Type: Oral
Session: 626. Aggressive Lymphomas: Clinical and Epidemiological: Challenging Subtypes of Aggressive Lymphomas
Hematology Disease Topics & Pathways:
Lymphomas, B Cell lymphoma, Diseases, Aggressive lymphoma, Lymphoid Malignancies
Methods: December April 2021 and December 2023, 222 ND DLBCL patients with matched pretreatment tissue/plasma and CSF samples in our center were enrolled in the present study. Patients were identified as CSF-ctDNA positive (CSF(+)) based on the following two criteria: (1) if tissue is available, at least one mutant variant detected in CSF-ctDNA was shared with tissue; (2) if tissue is not available, at least one mutant variant detected in CSF-ctDNA was canonical driver mutation as previously reported in DLBCL (Jin-Hua Liang, Leukemia). Patients were diagnosed as CNSi positive (CNSi(+)) according to conventional methods (the definition of CNS disease was diagnosed via presence of typical symptoms, radiologic findings, and/or detection of lymphoma cells in the CSF). Single-cell RNA sequencing was performed on tumor cells of the 12 DLBCL patients including 6 CSF(+) and 6 CSF(-) patients. The first-line treatments of all the ND-DLBCL patients were RCHOP-like regimens or R-CGVP regimens and the strategy of CNS prophylaxis were according to NCCN guidelines.
Results: Fifty-three patients (23.9%) were diagnosed with CSF(+) while 43 patients (81.1%) were according to the first criteria and 10 patients (18.9%) were according to the second criteria. Among the 53 CSF(+) patients, only 5 patients (9.4%) have evidences of CNSi according to conventional methods. The unique mutations detected in CSF were rare compared with plasma and tissue, suggesting early CNS infiltration without clone evolution. The mean variant allele frequency was significantly higher in tumor tissue than CSF in CSF(+) DLBCL. As regard to the distributions of lymphGen subtypes, similarly only 21 patients (46.7%) were MCD subtype (about 75% was MCD subtype for PCNSL patients) which were similar to our previous result. Univariate analyses showed that CSF(+) was significantly associated with high-risk clinical varivables, including advanced stage (P<0.001), CNSi high-risk sites involvement (P<0.001), elevated serum lactate dehydrogenase levels (P=0.003), high IPI score (P<0.001), and high-risk CNS-IPI score (P<0.001).

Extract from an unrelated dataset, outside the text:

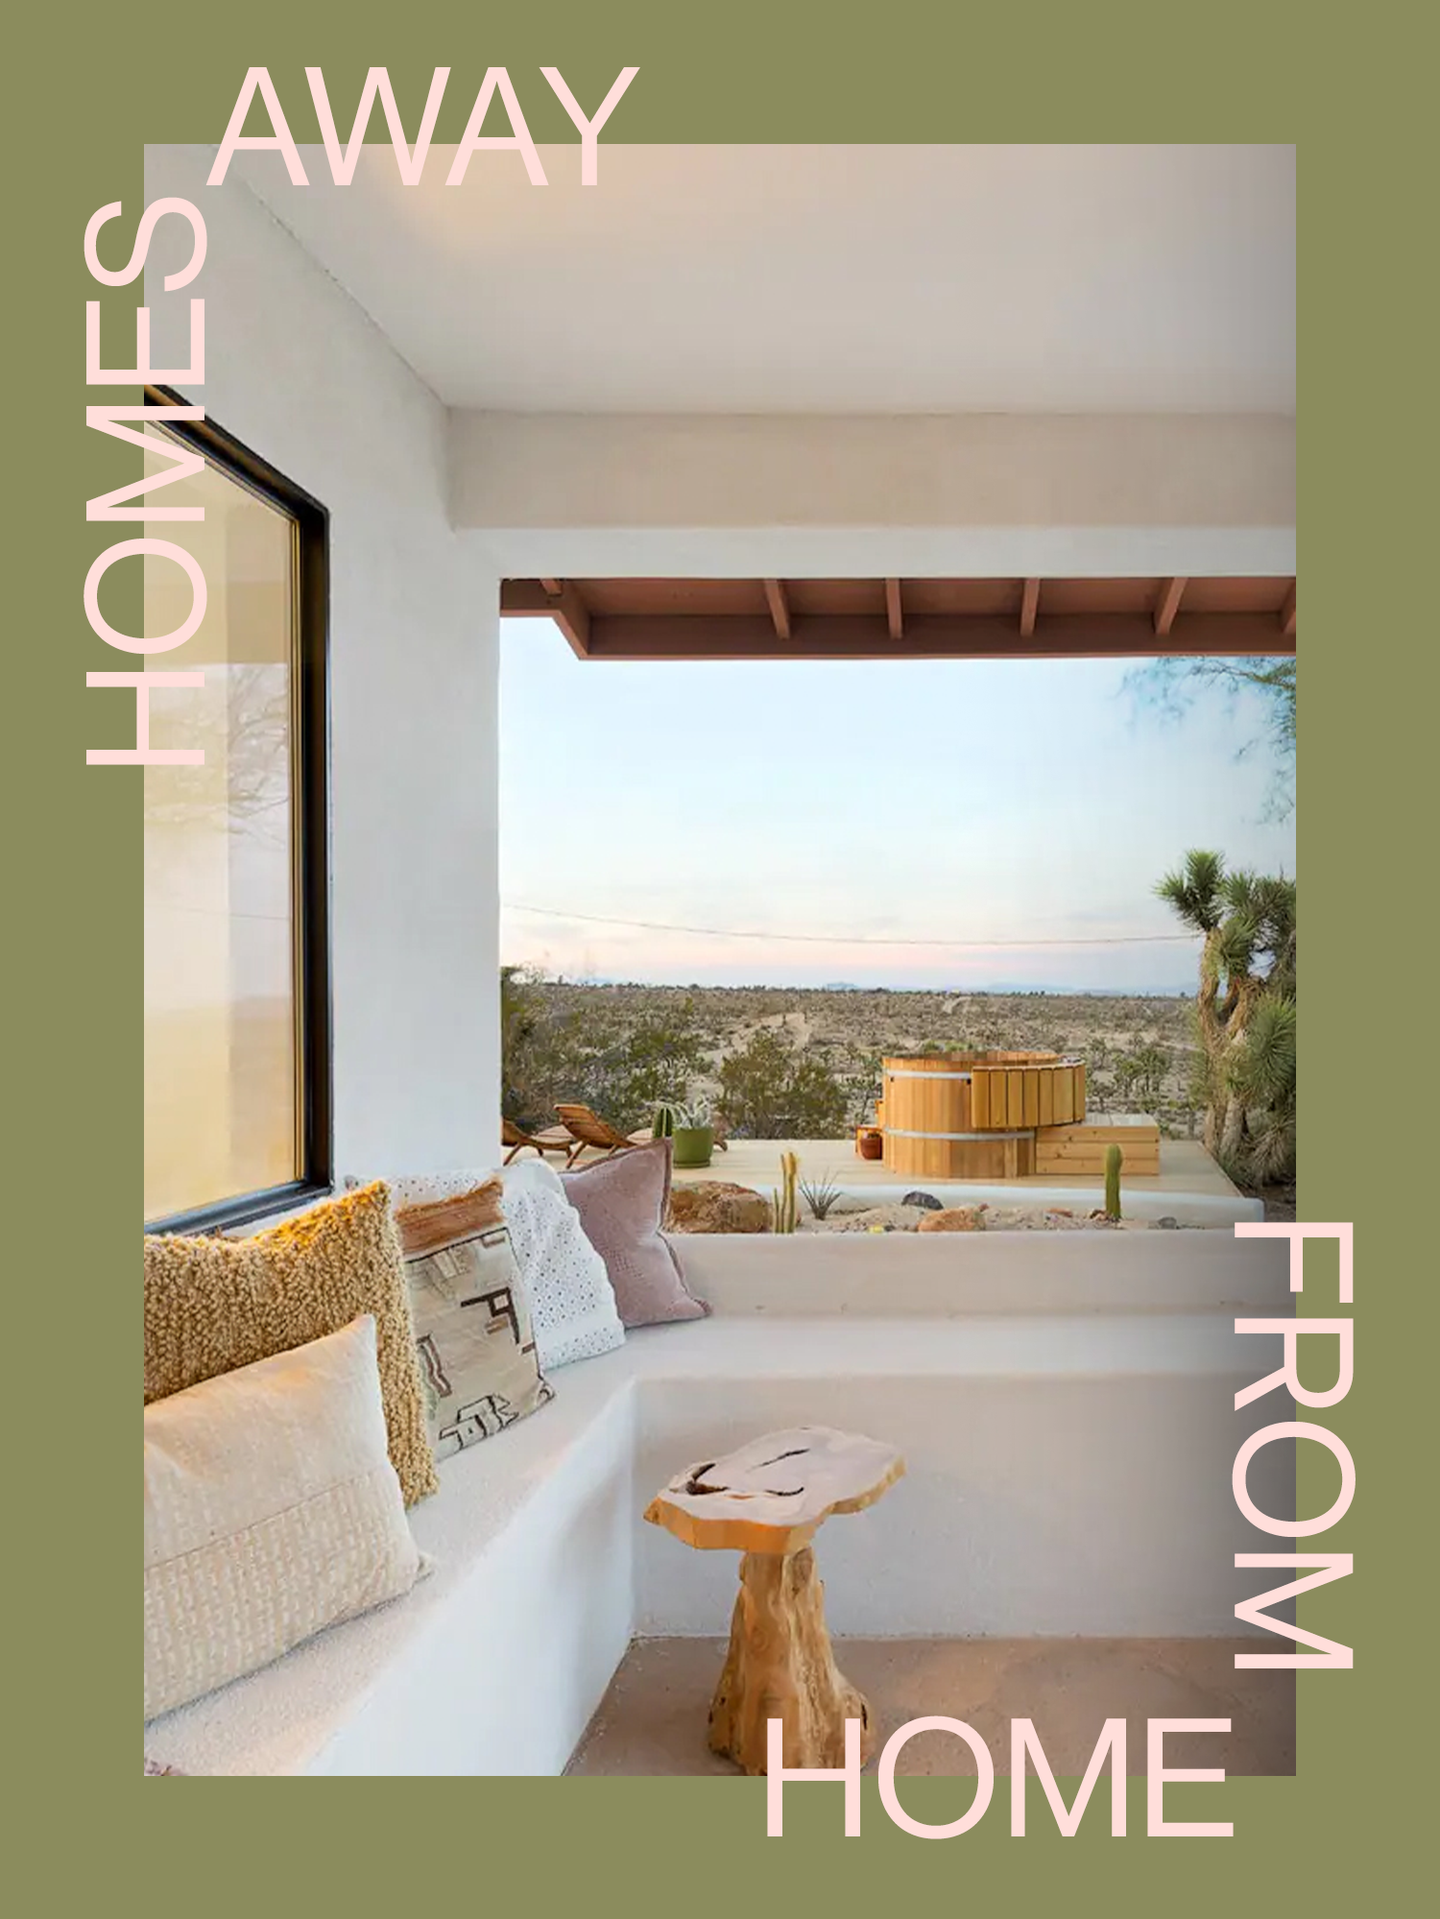 Desert living room with Homes Away From Homes logo

In the three-risk group model of CSFi-IPI (elevated CSF protein levels, high plasma ctDNA burden, and high-risk CNSi sites) developed in our previous study, the low-risk, intermediate-risk, and high-risk groups showed CSF(+) rate of 8.4%, 42.4%, and 56.0% in the whole cohort (P<0.001). Patients with mutations of CARD11 (P=0.013) and PLCG2 (P=0.031) were still more predominant with CSF(+) in the whole group. The down-regulated genes of CNS(+) DLBCL patients significantly enriched in PI3K-AKT signaling pathway, focal adhesion, regulation of action cytoskeleton and tight junction pathwayswhich might be the potential mechanisms promoting CNS dissemination in ND DLBCL have been validated at single cell level.
Furthermore, pretreatment CSF(+) was also significantly associated with poor outcomes both for progression free survival (P=0.002) and overalls survival (P=0.010). The sensitivity and specificity of pretreatment CSF-ctDNA to predict CNS relapse were 100.0% and 78.2%. From our data of dynamic monitoring of CSF-ctDNA burden, traditional CNS prophylaxis could clear CSF-ctDNA in a subset (62.8%) of patients, while it did not work for the other 37.2% patients for whom additional CNS treatment should be provided.
Conclusion: Taken together, we validate the prevalence and the genomic landscape for CSF(+) DLBCL and highlight the importance of CSF-ctDNA as a noninvasive biomarker in detecting and monitoring of CSF infiltration and predicting CNS relpase in a large cohort of ND DLBCL.
Disclosures: No relevant conflicts of interest to declare.